**EXERCISE PROMPT**
From the listing below, give again exactly the lines from the line with "Google Translate gets" to the line with "Website design for burger/sports bar", ends included, without any pictures.

**INFORMATION PROVIDED**
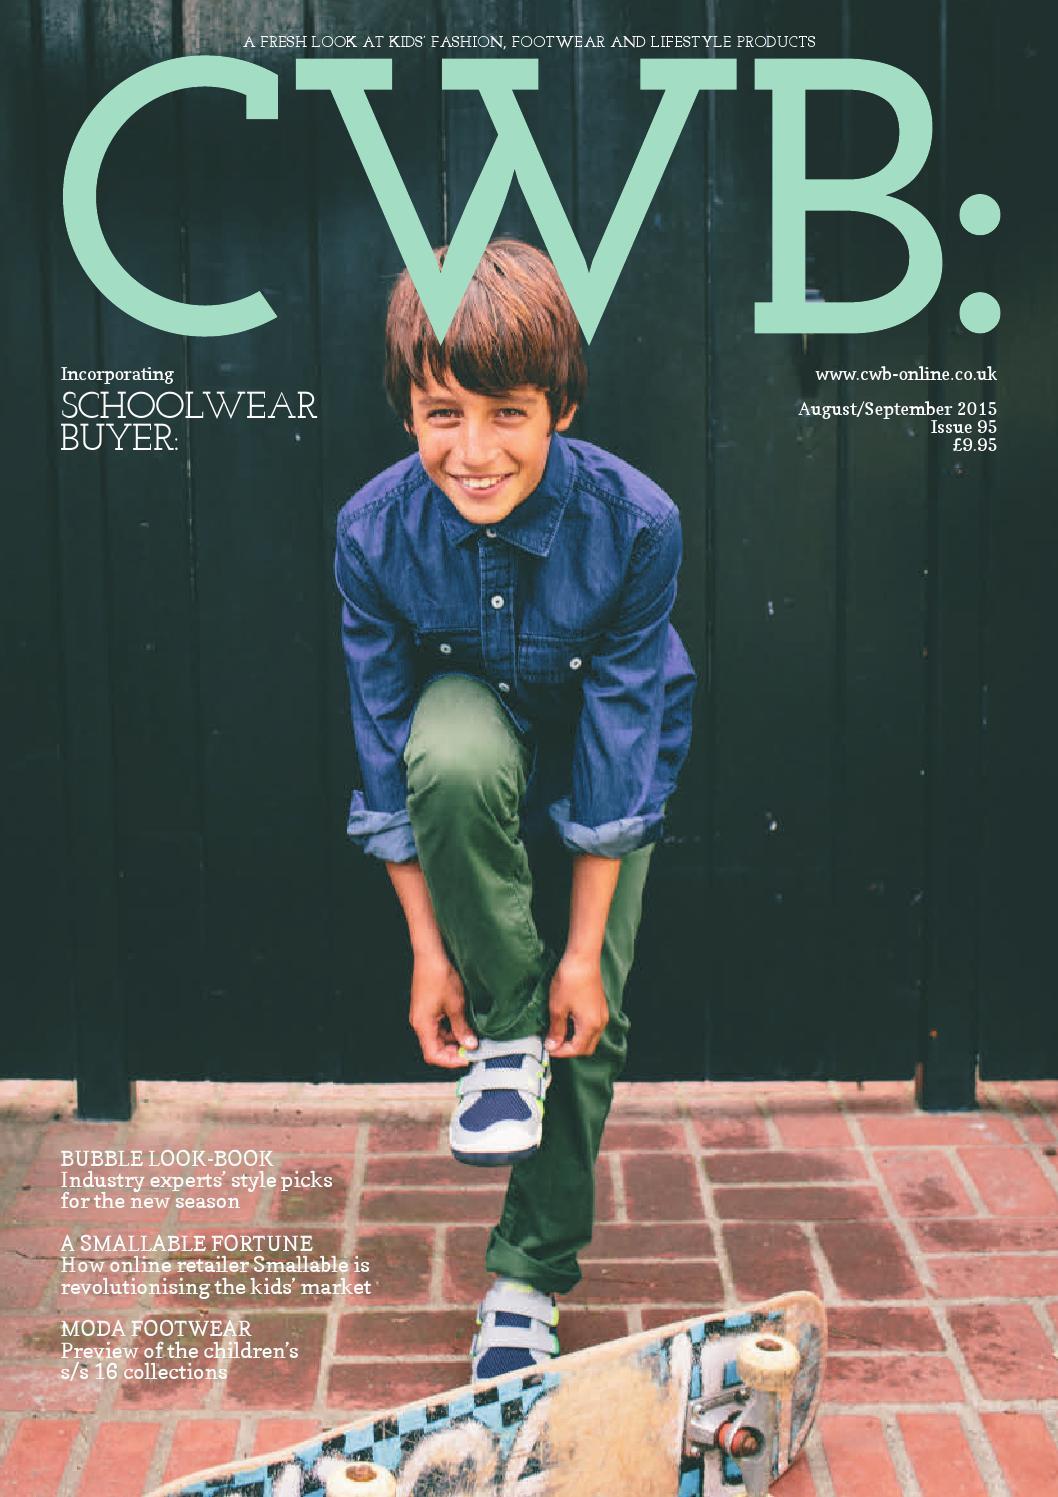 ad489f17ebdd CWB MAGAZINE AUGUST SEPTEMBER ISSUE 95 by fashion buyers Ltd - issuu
--
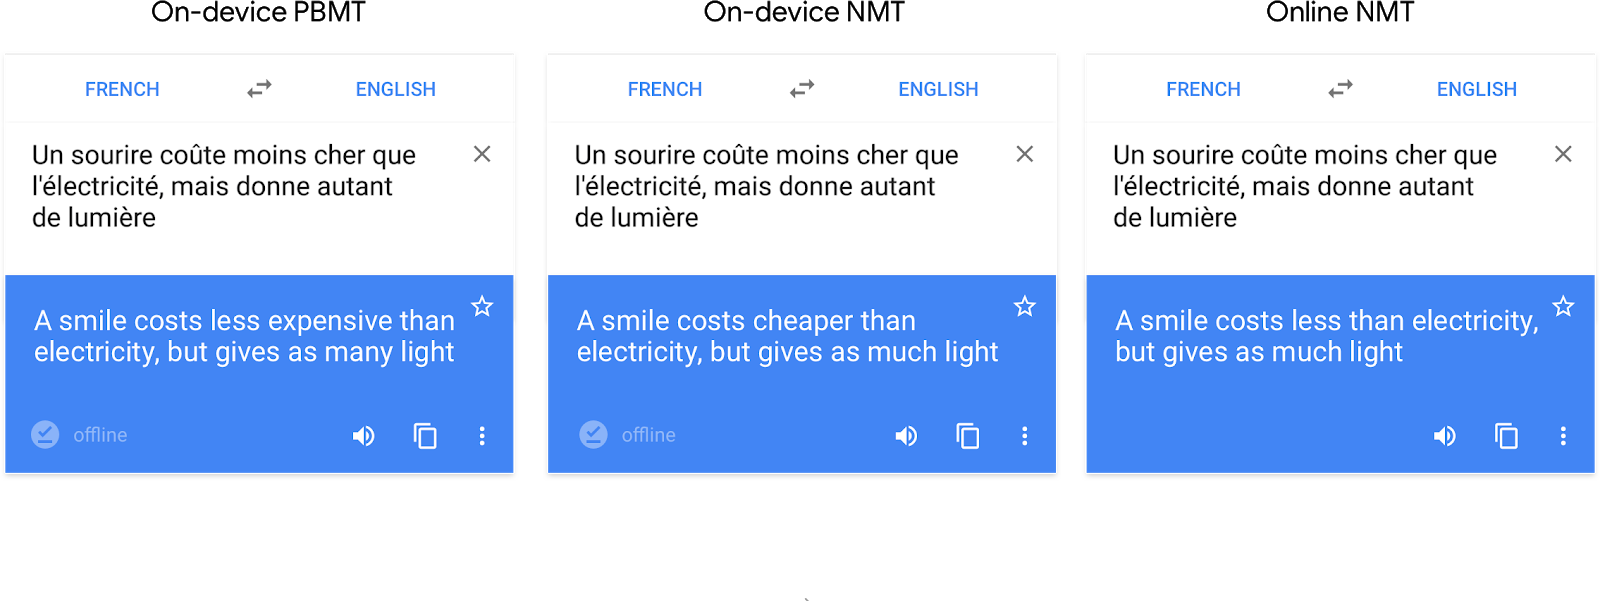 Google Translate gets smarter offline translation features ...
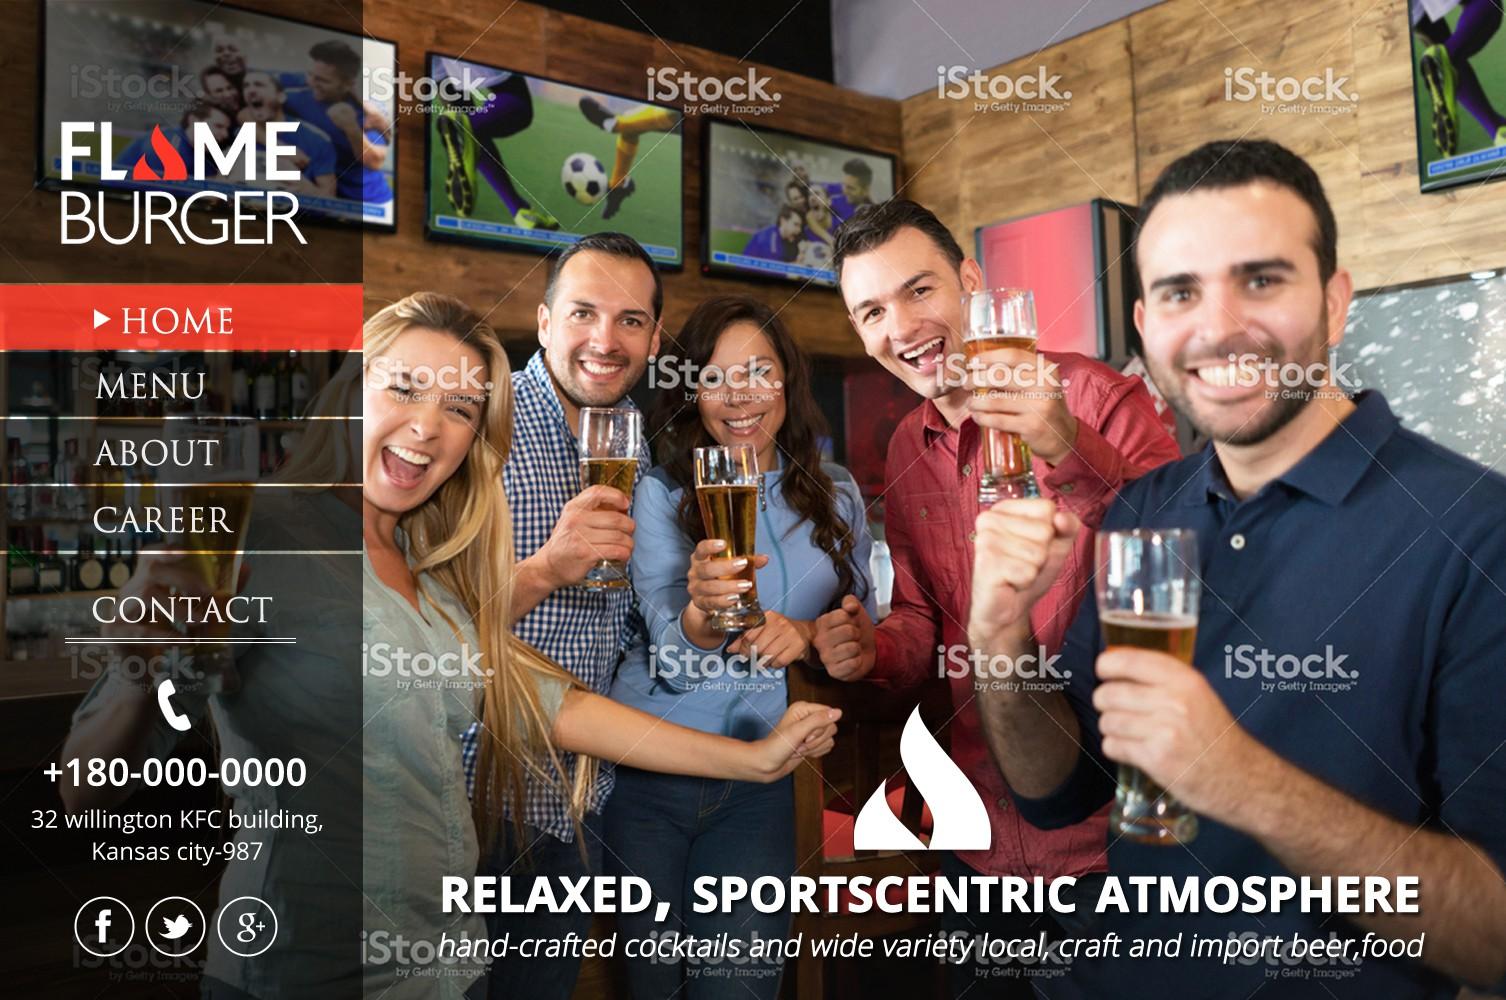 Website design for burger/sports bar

**RESULT FOR THIS EXERCISE**
 Google Translate gets smarter offline translation features ...
 Website design for burger/sports bar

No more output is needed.